There has been a significant rise in Vietnamese victims of human trafficking referrals in the U.K., from 135 in 2012 to 739 in 2018. Vietnam has been one of the top three countries in the world for trafficking into the U.K. for the past six years. Traffickers take children and adults for labor or sexual exploitation from Vietnam to countries such as Russia, Germany, or France before arriving in the U.K, The Diplomat reported.
Criminal gangs also traffic Vietnamese women to Europe for prostitution and sexual exploitation, often hidden in massage parlors and beauty centers. Women are also trafficked into domestic work, were they must work for many years to repay their debts.
One Vietnamese woman, aged 29, was trafficked to China for sexual exploitation. She was forced to marry a disabled old man. She was detained in a small room and not allowed to communicate with others outside because her husband feared she would escape. She finally did escape and returned to Vietnam, bringing with her trauma and tears. It has been eight years since the gang trafficked her to China, but the horrific scenes are indelibly seared into the victim’s memory.
The victims of trafficking are normally from vulnerable groups in Vietnam. These people are poor, vulnerable, and come from a broken family. They lack education as well as awareness of trafficking, and are easily lured away with good job offers.
Traffickers increasingly use the internet, gaming sites, and particularly social media to lure potential victims into vulnerable situations. Men often entice young women and girls with online dating relationships and persuade them to move abroad, then subject them to forced labor or sex trafficking. Loan sharks are closely connected to trafficking victims and often act as migration brokers. Traffickers frequently take advantage of debt bondage to control their victims, as trafficked person are lured with promises of economic opportunity. Traffickers also threaten families back home to ensure the victims continue to cooperate.
A survey by Transparency International found that nearly one-third of people had paid bribes to public servants in Vietnam. According to the same survey, the police in Vietnam are the most corrupt of 12 institutions in the country.
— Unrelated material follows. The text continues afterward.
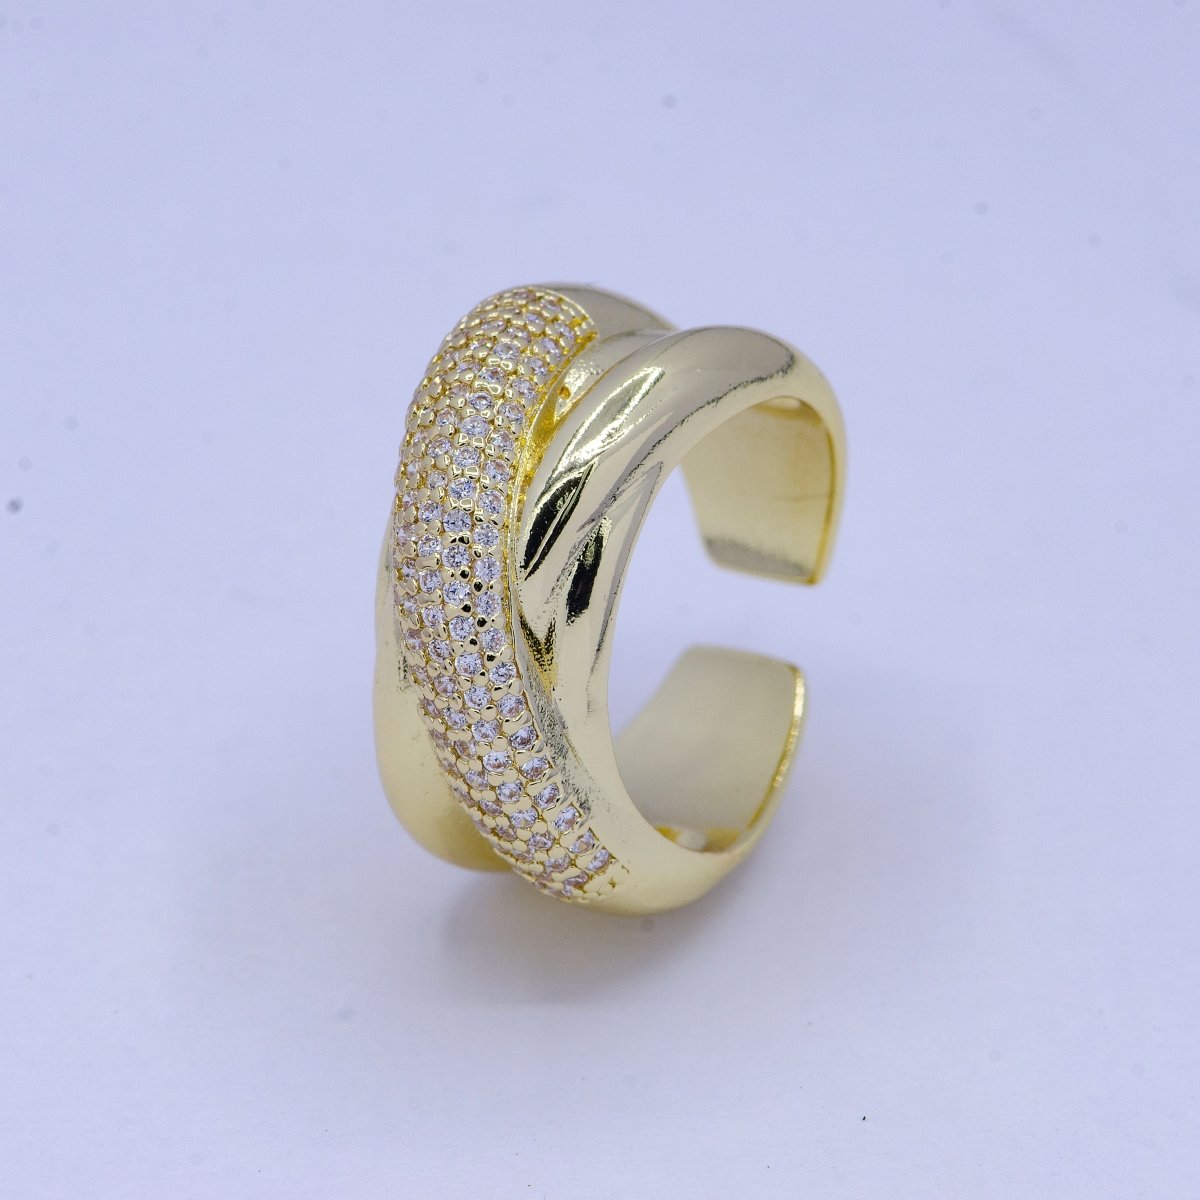 Chunky Criss Cross CZ Ring in 24k Gold Filled For Statement Jewelry O-2116 O-2117 - DLUXCA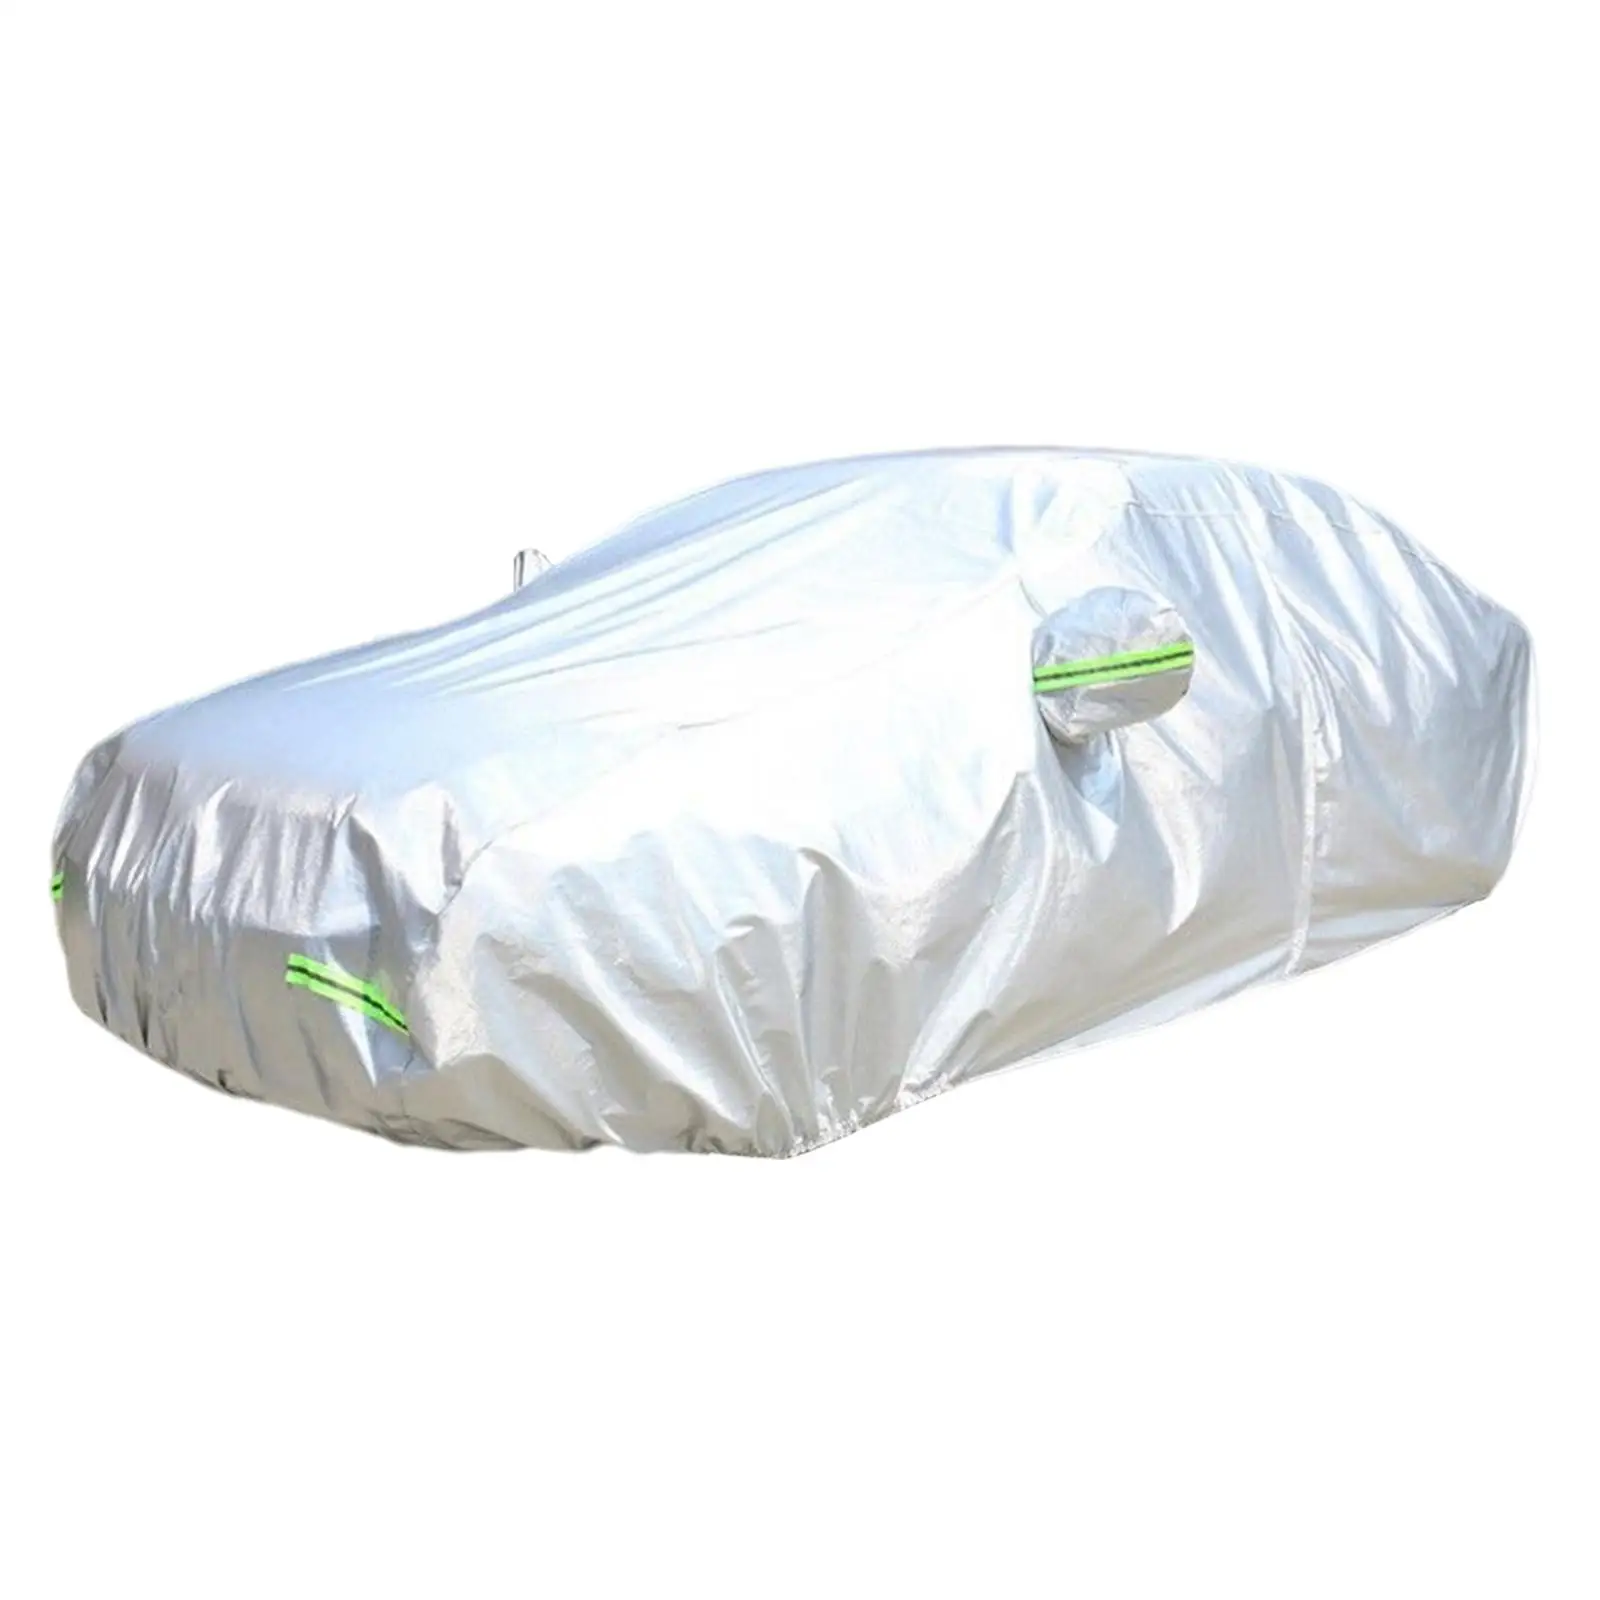 Oxford Cloth Full Car Cover Automobile Exterior Accessories Dustproof Rain Snow Dust Protector for Byd Atto 3 Yuan Plus

Corruption continues to be pervasive in Vietnam, complicating efforts to wipe out human trafficking.
The vast majority of former trafficking victims are reluctant to report traffickers to the local authorities. They worry about reprisal from organized criminal gangs and also fear traffickers will accuse them of being complicit in crimes.
Meanwhile, even after returning home former victims of trafficking find it difficult to rebuild their lives and integrate back into the community in Vietnam. Former trafficking victims, who all too often have suffered physical andsexual abuse, face big social stigmas in Vietnamese society. Negative attitudes from neighbors can also dissuade them from cooperating with the local authorities or giving information about their traffickers. Hence, as part of overall efforts the Vietnamese authorities need to provide more support to human trafficking victims through funding for shelters, re-integration services, therapeutic support, legal and financial assistance, and education.
The department of Labor, Invalids and Social Affairs in Hanoi has admitted the current problems, including a lack of resources to support victims. The administration also admits to not helping victims who do not possess the necessary identity documents on return to Vietnam.